Any public discussion of these matters in Thailand is prevented by the lese majeste law. In the prologue to Part One of #thaistory Marshall notes that, "Discussion of  the reality  among Thais  is  relegated  to private conversations or oblique  references using coded imagery and parables. The truth about the palace's enormously influential role in Thai politics and economics cannot be uttered openly in public."

In an article in The Independent Marshall discusses some of the reasons why he resigned from his job at Reuters in order to publish #thaistory. The money quote is, "Thailand is sliding backwards into authoritarianism and repression. And one stark indication of this is that just saying it is illegal."

Part One of #thaistory is now available online as a pdf file. I have only read part way through it, but it explores in detail the life of King Bhumibol and is based on a number of academic sources as well as the diplomatic cables.

Part Two should be released tomorrow (24 June).

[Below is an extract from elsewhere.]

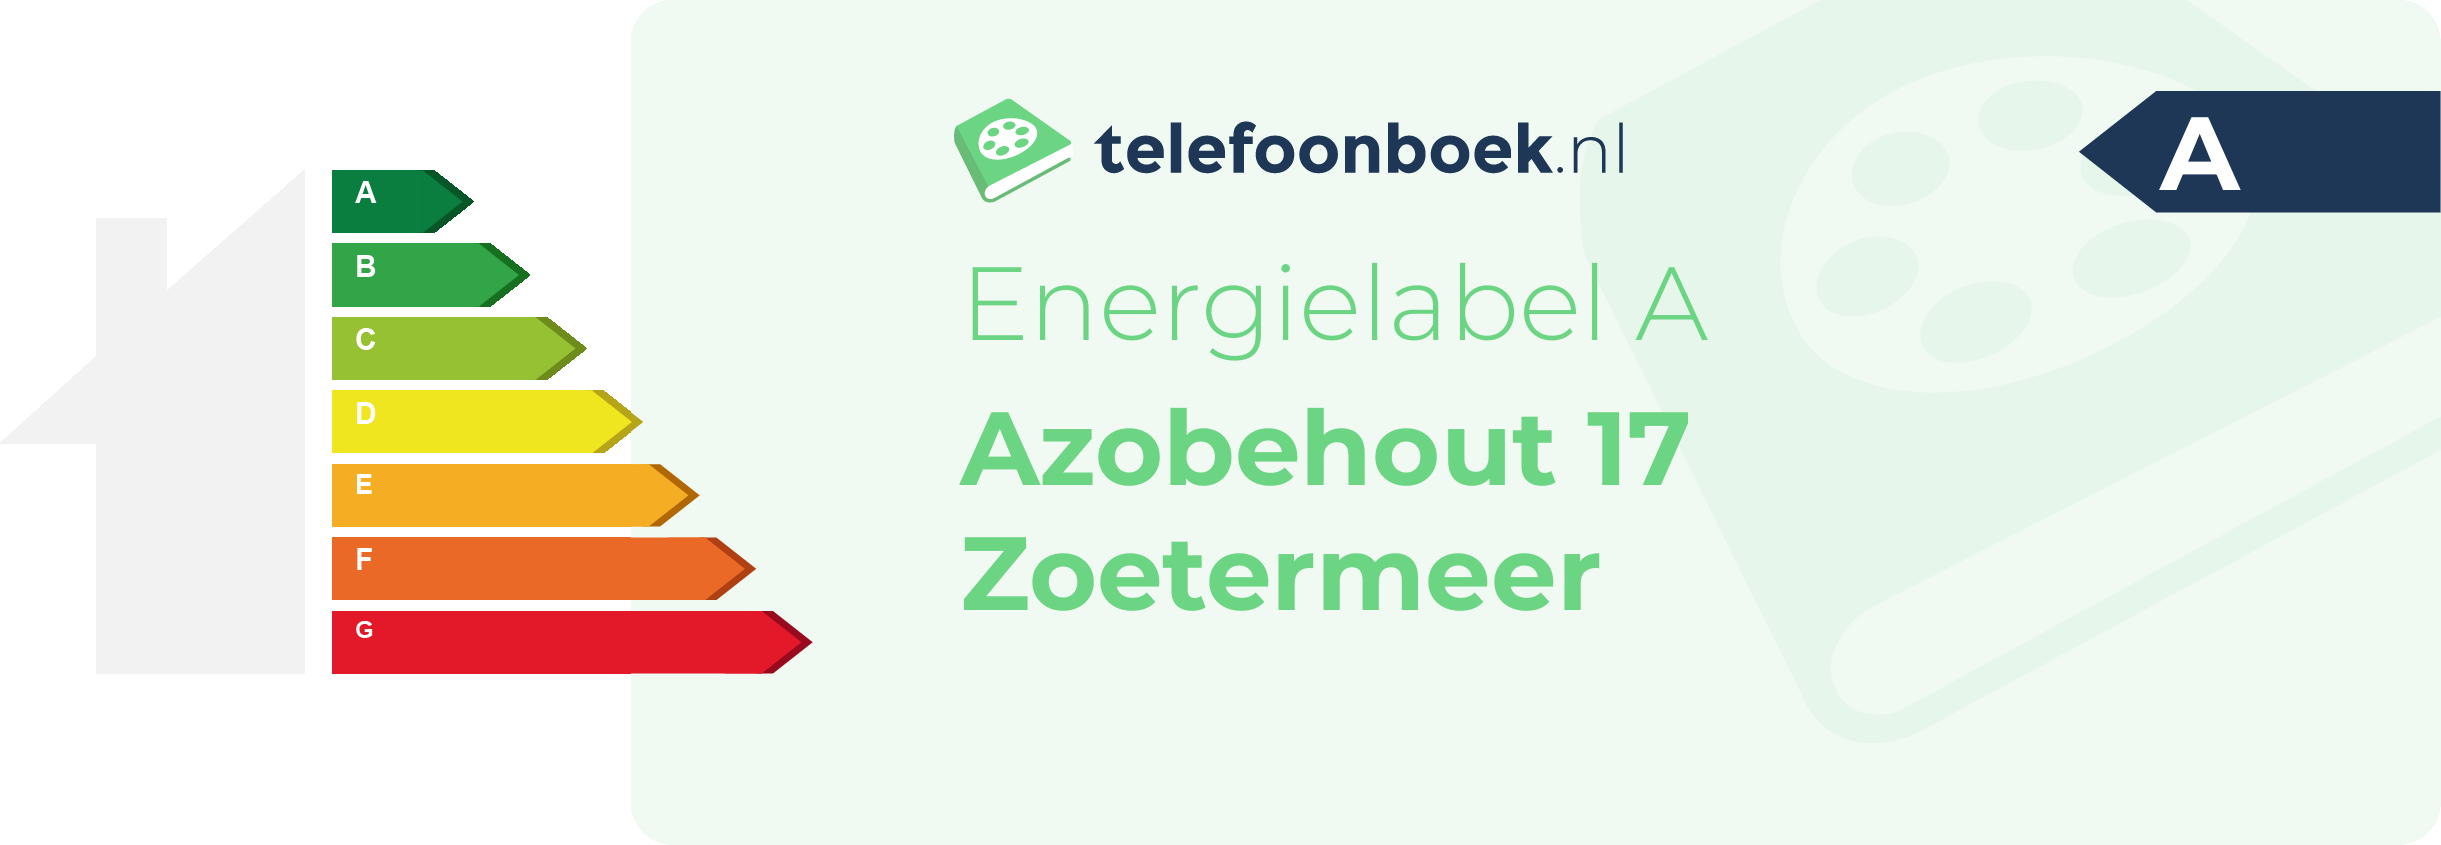 Energielabel Azobehout 17 Zoetermeer

According to a tweet from Marshall, "Part 3 (events from 2006 coup to 2010) and 4 (conclusions and predictions) will be online within a week." I will update this post with links as they become available.

The cables the story is based on are being published on Marshall's website www.zenjournalist.com. WikiLeaks cables from Thailand can also be found at thaicables.

*Andrew MacGregor Marshall who published #thaistory should not be confused with Bangkok-based journalist Andrew Marshall who writes for TIME and other publications. Andrew MacGregor Marshall tweets at @zenjournalist. The other Andrew Marshall tweets at @journotopia.

** I use the word "palace" not just to refer to the royal family, but to describe in more general terms how the monarchy is used, manipulated and appropriated by a range of players in the Thai political scene.